Адвокат заговорил о гибели парохода «Фиа». Он видел в этом перст Божий для семьи Ионсена. Подумайте только: не застраховать пароход! Что он там делает в своей конторе, этот консул, когда забывает даже о таких важных вещах? Ведь должна же быть граница всему! Конечно, надо жалеть о людях, которых постигло несчастье, но пожалуй такой урок был необходим для почтенного консула. Ведь они, все вместе, держали себя высокомерно до глупости!
— Я не знаю, — возразила фрёкен Ольсен. — Шельдрупа Ионсена я не считаю глупым.
— Что представляет из себя Шельдруп, я не знаю, — отвечал адвокат. — Я говорю о дочери и её родителях.
— Я бы хотела знать, как примет это несчастье Шельдруп, — сказала фрёкен Ольсен. — Как вы думаете, что он будет делать теперь?
Адвокат наморщил брови и, взглянув на неё, ответил с ударением:
— Ваш вопрос забавен. Меня это интересовать не может. Есть другие, более важные вещи, о которых мне приходится думать. Что будет делать тот или другой юноша? Да вероятно то же самое, что до сих пор делал. Разве он не стоял за прилавком, или что-нибудь в этом роде?
— Шельдруп? Нет, он никогда не стоял за прилавком.
— Да?
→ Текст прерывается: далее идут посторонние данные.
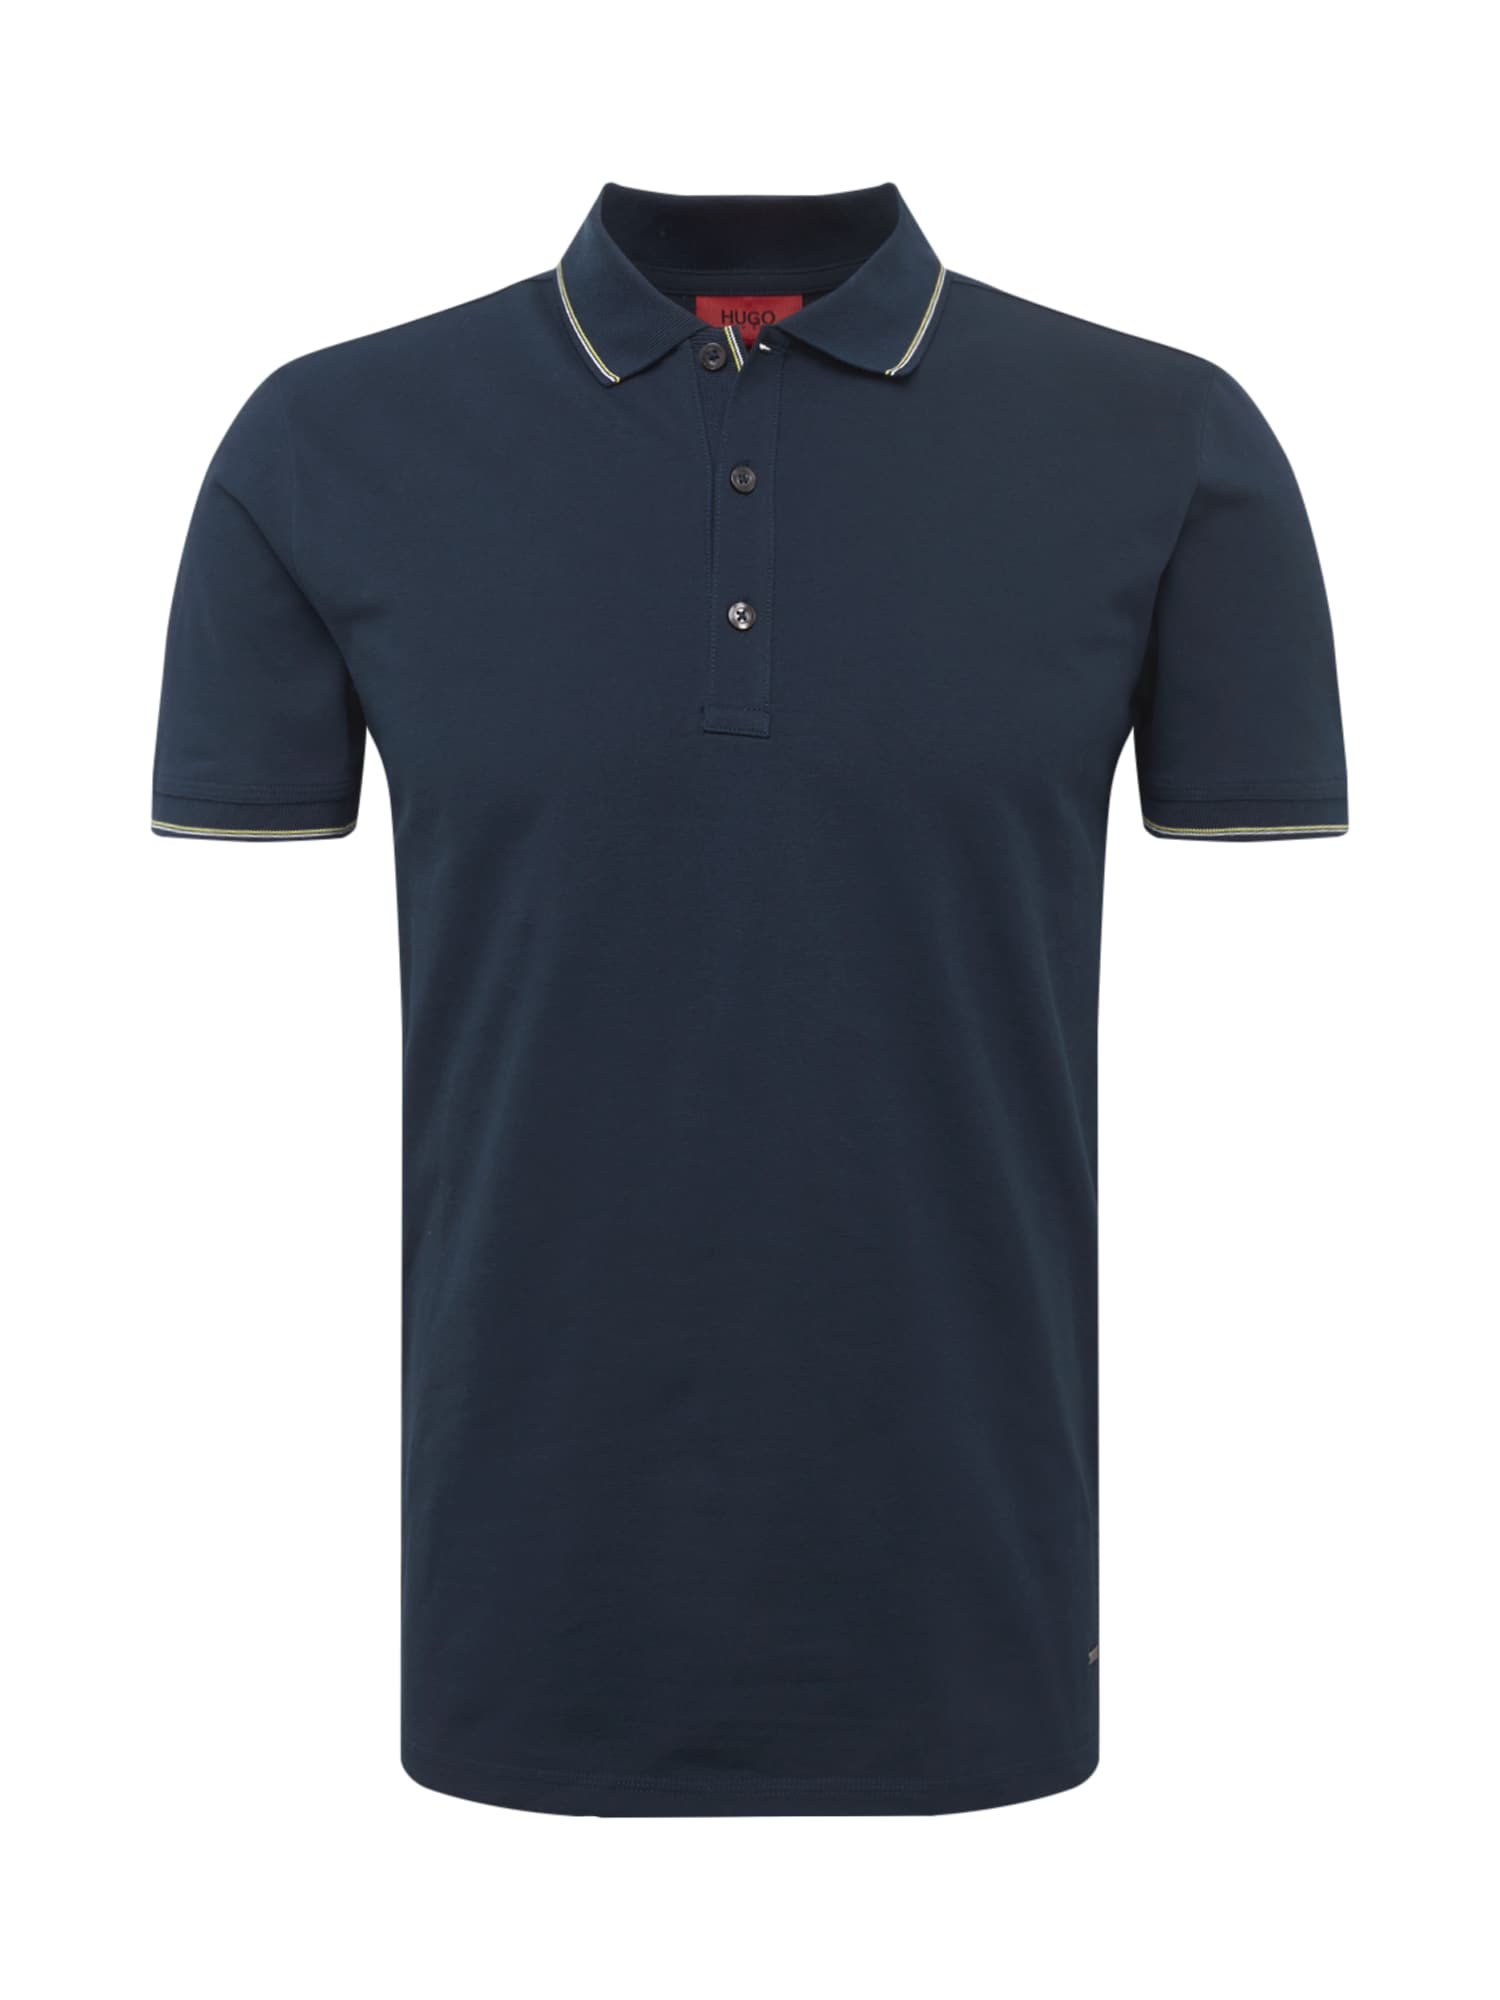 Tričko Dinoso tmavě modrá HUGO
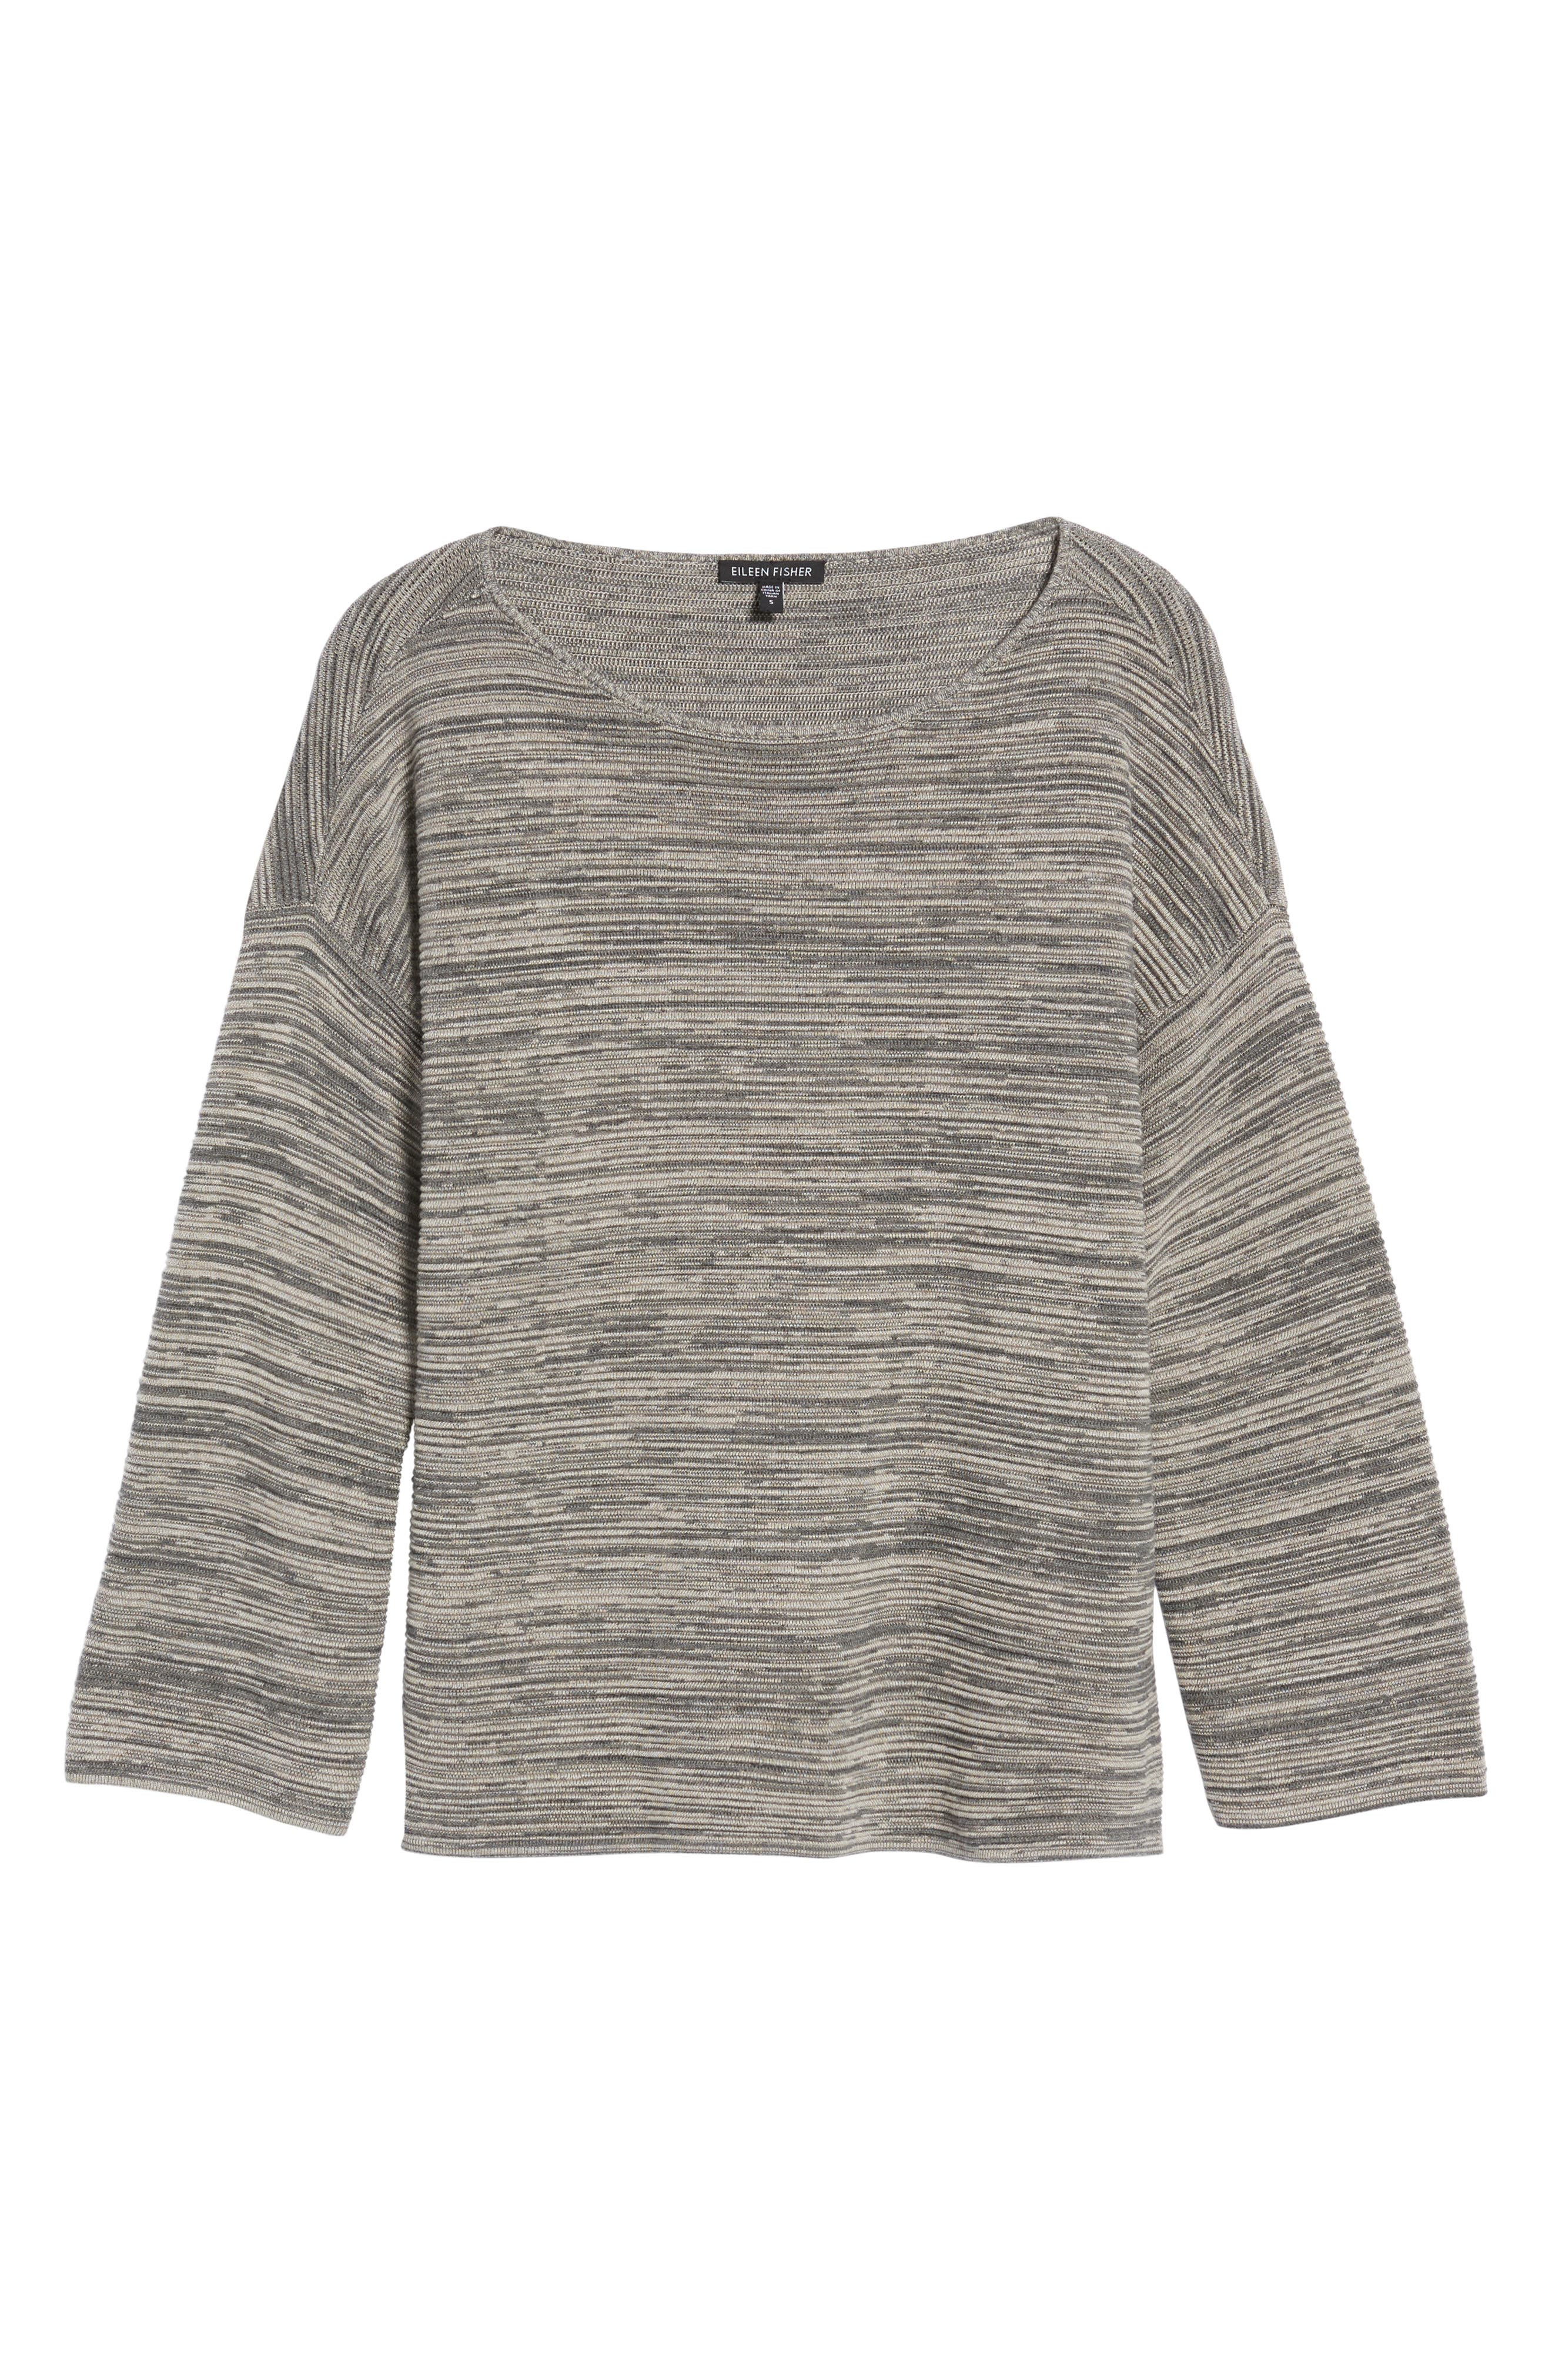 Tencel<sup>®</sup> & Organic Cotton Sweater,                             Alternate thumbnail 6, color,                             Maple Oat

Ну, мне это безразлично.
— Может быть он вернётся теперь домой и займётся делами.
Разговор этот начал сердить адвоката и он заметил надменным тоном:
— Кто займётся этим гибнущим делом и мелочной лавочкой, об этом я, конечно, не имел времени подумать. Быть может, Шельдруп и годится для этого. Я этого не знаю. Учился ли он чему-нибудь?
— Чему-нибудь? Конечно. Он все эти годы учился за границей.
— Да? Учился в иностранных университетах? Удивительно только, что никто об этом ничего не слыхал!
Но тут адвокату вдруг пришло в голову, что он говорит вовсе не то, что следует.
— Речь идёт теперь не о Шельдрупе, — поправился он, — а об остальной семье, которая хорошо сделает, если посбавит спеси. Я только их и имел в виду.
Однако, фрёкен Ольсен сочла нужным сказать что-нибудь в пользу Фии Ионсен.
— Фиа прекрасно рисует, — заметила она.
— Вы находите? — сказал он, как будто был противоположного мнения.
— А вы разве не находите? — спросила она.
— Поговорим лучше о другом, — отвечал он. Он заговорил о собственном деле. Может быть, было бы лучше, если б он не начинал теперь. Он не обладал светским тактом и молодой девушке, конечно, должно было казаться странным то, что он целые годы держал себя так равнодушно. Теперь он должен был объяснить свои поступки, а это было не легко. Где он мог научиться трудному искусству добиваться сердца девушки, имея в виду только её приданое? Кроме того, его громовый голос в данном случае вредил ему. Он годился для произнесения речей, для словесных битв. Но он не мог нашептывать нежные слова и, не понимая опасности, прямо шёл ей навстречу. Этот мужик, этот пентюх, говорил слишком уверенно! Какую такую «совместную работу» он имел в виду? Точно об этом могла быть речь между ними? Поэтому она ничего не отвечала ему.